Persaingan ketat Liverpool dan Manchester City untuk menjadi kampium Premier League dapat ditentukan hingga akhir kompetisi.

Liverpool atau City:  Siapa yang Paling Berpeluang Menjadi Juara?
Pemain Liverpool, Mohamed Salah (kiri) memperebutkan bola dengan pemain Manchester City, Fernandinho dalam pertandingan sepak bola Liga Primer Inggris antara Manchester City dan Liverpool di stadion Ethiopia, Manchester England, Kamis, 3 Januari 2019. AP / Jon Super

tirto.id - Liverpool dan Manchester City terus bersaing sengit untuk meraih gelar Premier League musim 2018-2019. Pada pekan ke-34 kedua tim sama-sama meraih hasil sempurna; Liverpool berhasil mengandaskan perlawanan Cardiff City dengan skor 2-0, sementara City menang 1-0 atas tamunya Tottenham Hotspur.

Bermain di Anfield, Liverpool menang berkat gol dari Georginio Wijnaldum dan James Milner. Dua-duanya terjadi pada babak kedua melalui situasi bola mati. Setelah Wijnaldum menyantap umpan sepak pojok mendatar Trent Alexander-Arnold pada menit ke-57, Milner menambah keunggulan pada menit ke-81 melalui titik penalti akibat pelanggaran yang dilakukan terhadap Mohamed Salah.

Dibandingkan dengan musim lalu, dua gol Liverpool tersebut mampu menunjukkan salah satu alasan mengapa penampilan Liverpool pada musim ini mengalami peningkatan drastis: mereka lebih ahli dalam memanfaatkan bola-bola mati.

Menurut data dari Whoscored, Liverpool musim ini sudah mencetak 18 gol dari situasi bola mati dan 7 gol dari tendangan penalti. Sementara itu, pada musim lalu mereka hanya mampu mencetak 11 gol dari situasi bola mati dan 2 gol dari tendangan penalti.

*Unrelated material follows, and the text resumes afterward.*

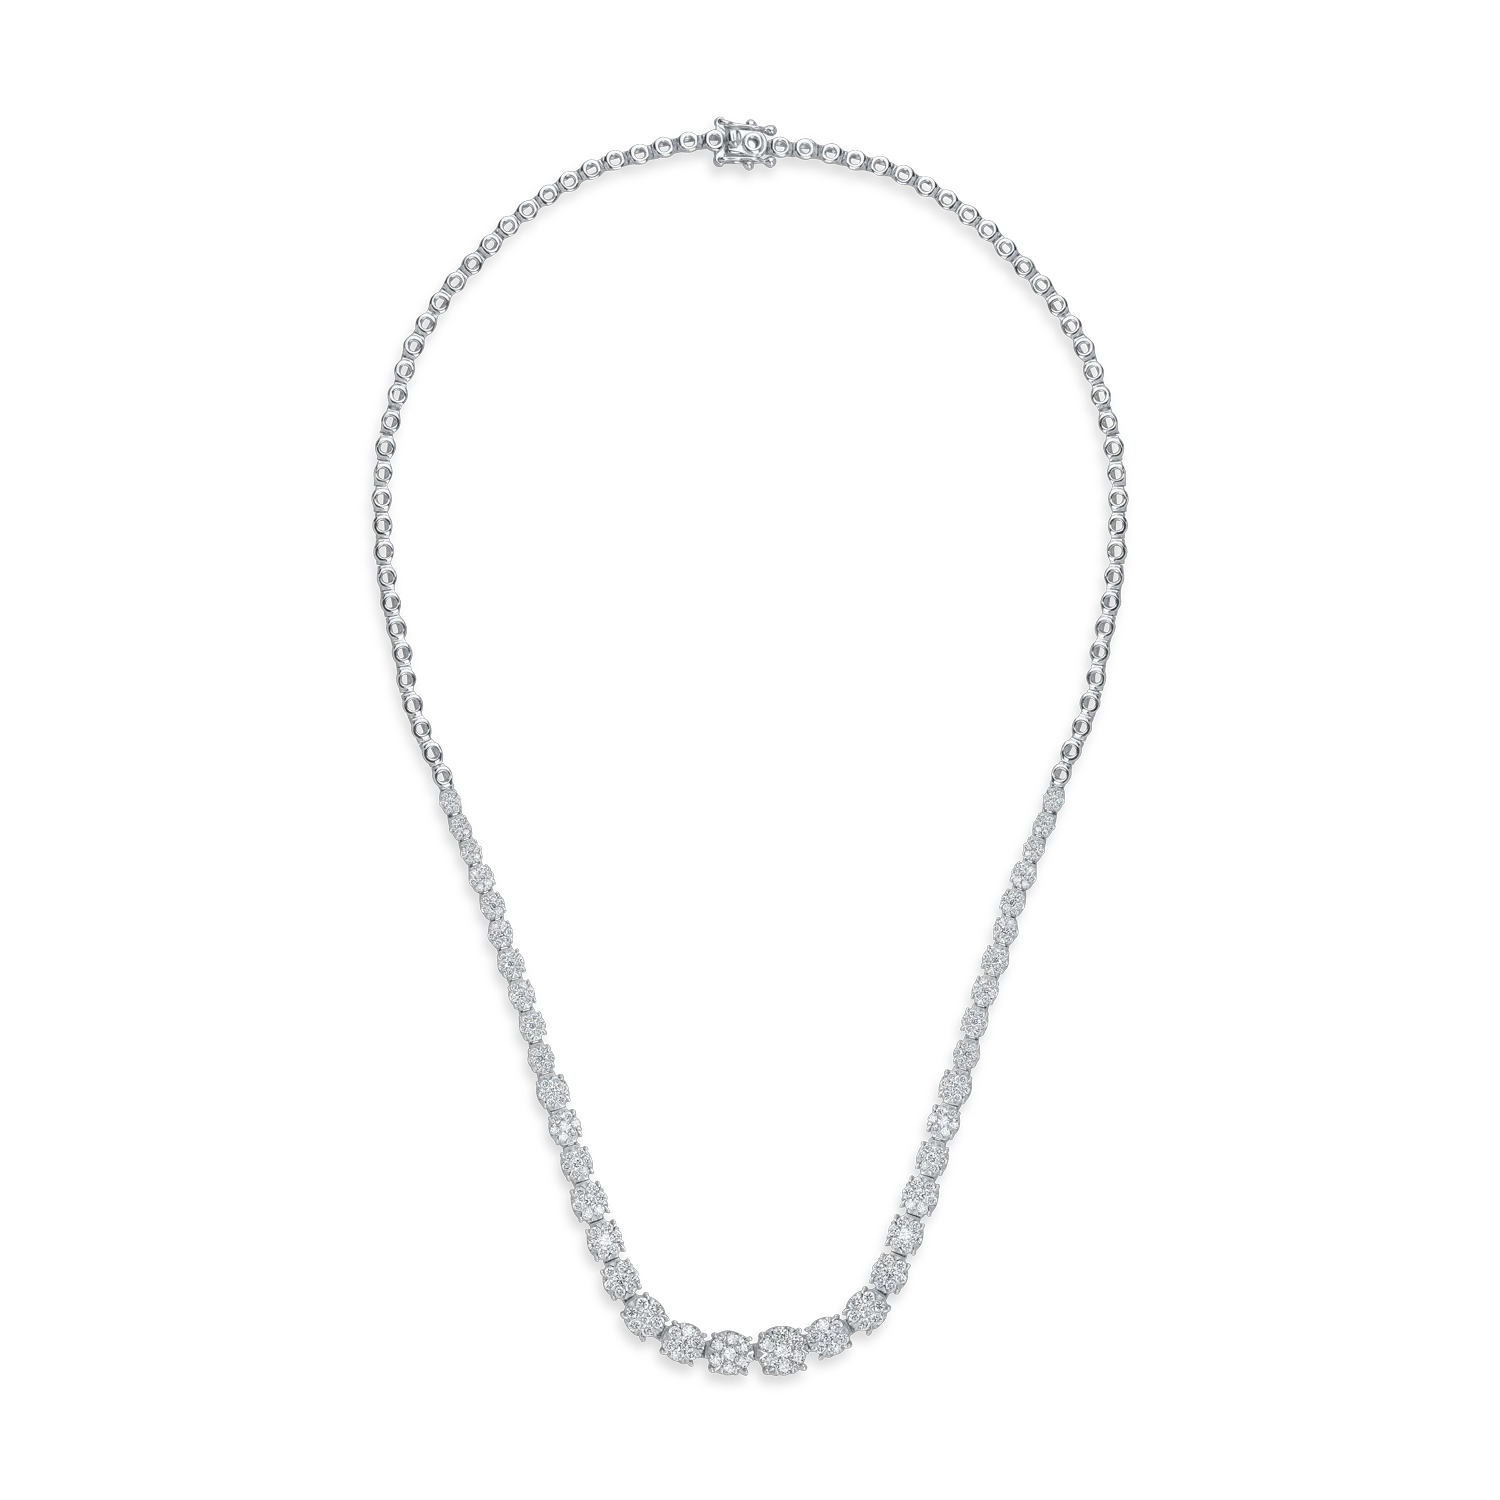 18K white gold necklace with 4ct diamonds

Soal memanfaatkan bola-bola mati, Jurgen Klopp, pelatih Liverpool, tak sungkan memuji kinerja anak asuhnya. “Kami memanfaatkan set-piece [situasi bola-bola mati] dengan cara yang fantastis. Anak-anak sangat cerdas. Mereka dapat menggunakan pengalamannya saat melakukan tendangan sudut pada babak pertama,” tutur Klopp, dikutip dari Guardian.

“Keputusan itu [sepak pojok mendatar] bukan berawal dari tempat latihan; keputusan itu berasal dari ruang ganti saat turun minum. Mereka sendiri yang memutuskan. Aku menyukainya.”

Sementara itu, City bertanding melawan Tottenham Hotspur, lawan yang baru saja menyingkirkan mereka dari panggung Liga Champions Eropa. City menang lewat gol cepat yang dicetak oleh gelandang muda mereka, Phil Foden.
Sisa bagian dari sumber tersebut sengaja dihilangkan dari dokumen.